Let's start with a small program to illustrate.
$ cat function.c
int global = 100;
int function(int i)
return i + global;
$ gcc -c function.c
Firstly, inspect the disassembley of this function:
0000000000000000 <function>:
0: 55 push %rbp
1: 48 89 e5 mov %rsp,%rbp
4: 89 7d fc mov %edi,-0x4(%rbp)
7: 8b 05 00 00 00 00 mov 0x0(%rip),%eax # d <function+0xd>
d: 03 45 fc add -0x4(%rbp),%eax
10: c9 leaveq
11: c3 retq
Lets just go through that for clarity:
- 0,1: save rbp to the stack and save the
stack pointer (rsp) to rbp. This common stanza is
setting up the frame pointer, which is essentially a rule used
by debuggers (mostly) to keep track of the base of the stack. It's
not important for now.
- 4:Move the value from edi to 4 bytes below the
stack pointer. This is moving the first argument (int i)
into the "red-zone", a 128-byte scratch area each function has
reserved below the stack pointer.
- 7,d: Move the value at offset 0 from the current
instruction pointer (rip) into eax (i.e. the return
value). Then add the incoming argument to it (retrieved from the
scratch area).
The IP relative move is really the trick here. We know from the
code that it has to move the value of the
global variable
here. The zero value is simply a place holder - the compiler
currently does not determine the address (i.e. how far away from the
instruction pointer the memory holding the
global variable
is. It leaves behind a relocation -- a note that says to the
linker "you should determine the correct address of foo, and
then patch this address of the code to point to that addresss
(i.e. foo)."
The image above gives some idea of how it works.

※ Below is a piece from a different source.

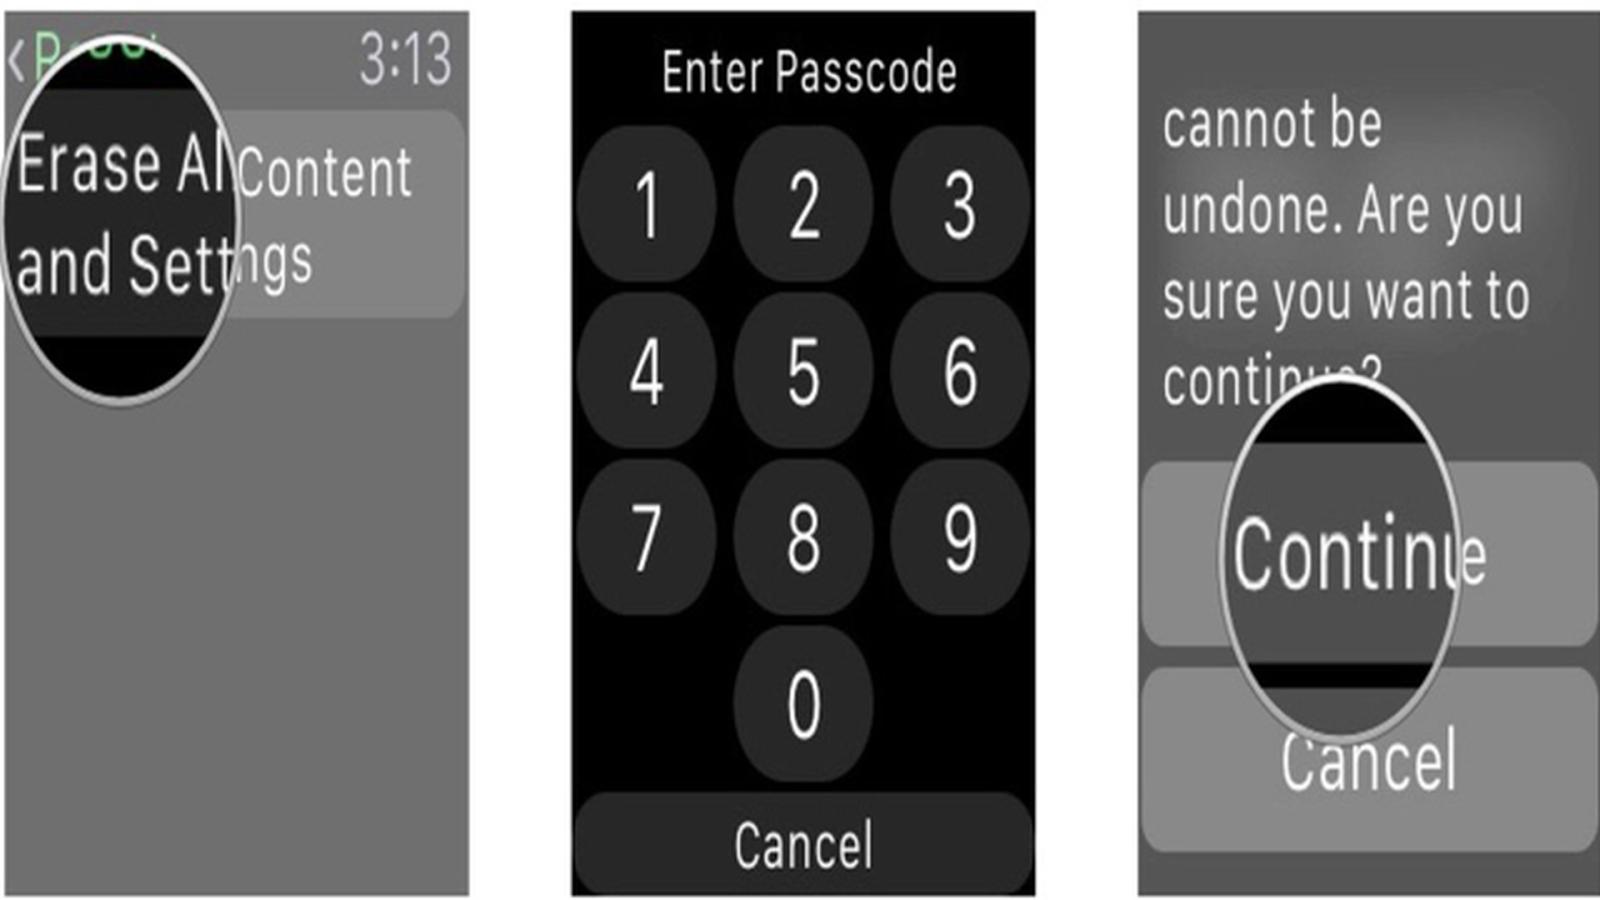 How to Restart Apple Watch 3 | Apple Watch 3 Guide

We can examine
relocations with the
readelf tool.
$ readelf --relocs ./function.o
Relocation section '.rela.text' at offset 0x518 contains 1 entries:
Offset Info Type Sym. Value Sym. Name + Addend
000000000009 000800000002 R_X86_64_PC32 0000000000000000 global + fffffffffffffffc
If you try and build a shared object (dynamic library) with this
function, you should get something like
$ gcc -shared function.c
/usr/bin/ld: /tmp/ccQ2ttcT.o: relocation R_X86_64_32 against a local symbol' can not be used when making a shared object; recompile with -fPIC
/tmp/ccQ2ttcT.o: could not read symbols: Bad value
collect2: ld returned 1 exit status
Position Independent Code (PIC, enabled with
-fPIC)
just means that the output binary does not expect to be loaded at a
particular base address, but is happy being put anywhere in memory
(compare the output of
readelf --segments on a binary such as
/bin/ls to that of any shared library). This is obviously
critical for implementing shared-libraries, where you may have many,
many libraries loaded in essentially any order, and trying to
pre-allocate where in memory they would all live just does not work.

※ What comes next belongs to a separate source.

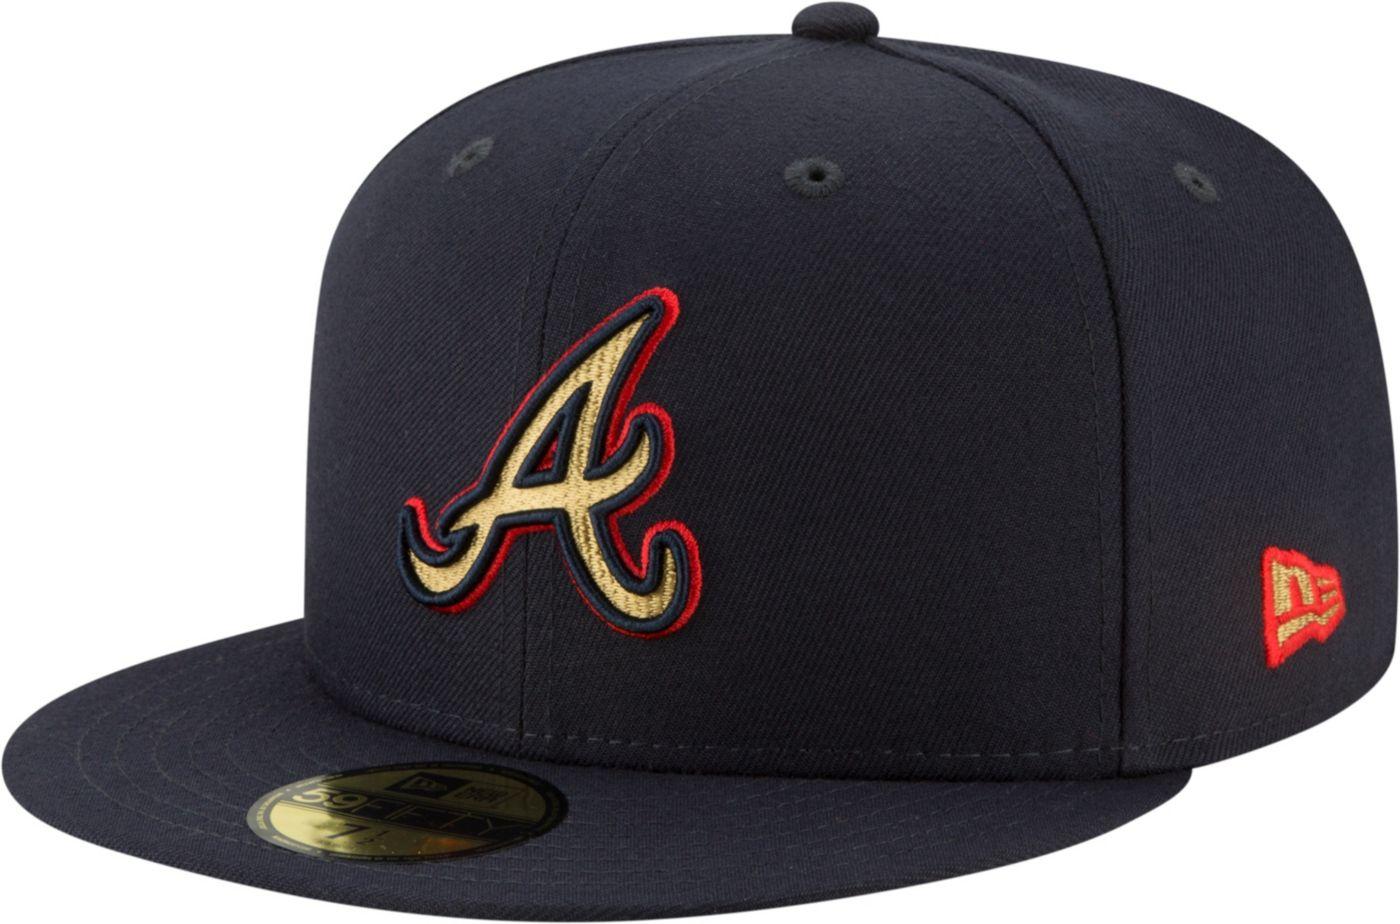 New Era Men's Atlanta Braves 59Fifty Logo Stopper Fitted Hat

However, PIC has slightly wider implications than simply movable base
addresses.
So, back to relocations. The exact rules for different relocation
types are described in the ABI for the architecture. The
R_X86_64_PC32 relocation is defined as "the base of the
section the symbol is within, plus the symbol value, plus the addend".
The addend makes it look more tricky than it is; remember that when an
instruction is executing the instruction pointer points to the
next instruction to be executed. Therefore, to correctly find
the data relative to the instruction pointer, we need to subtract the
extra. This can be seen more clearly when layed out in a linear
fashion (as in the bottom of the above diagram).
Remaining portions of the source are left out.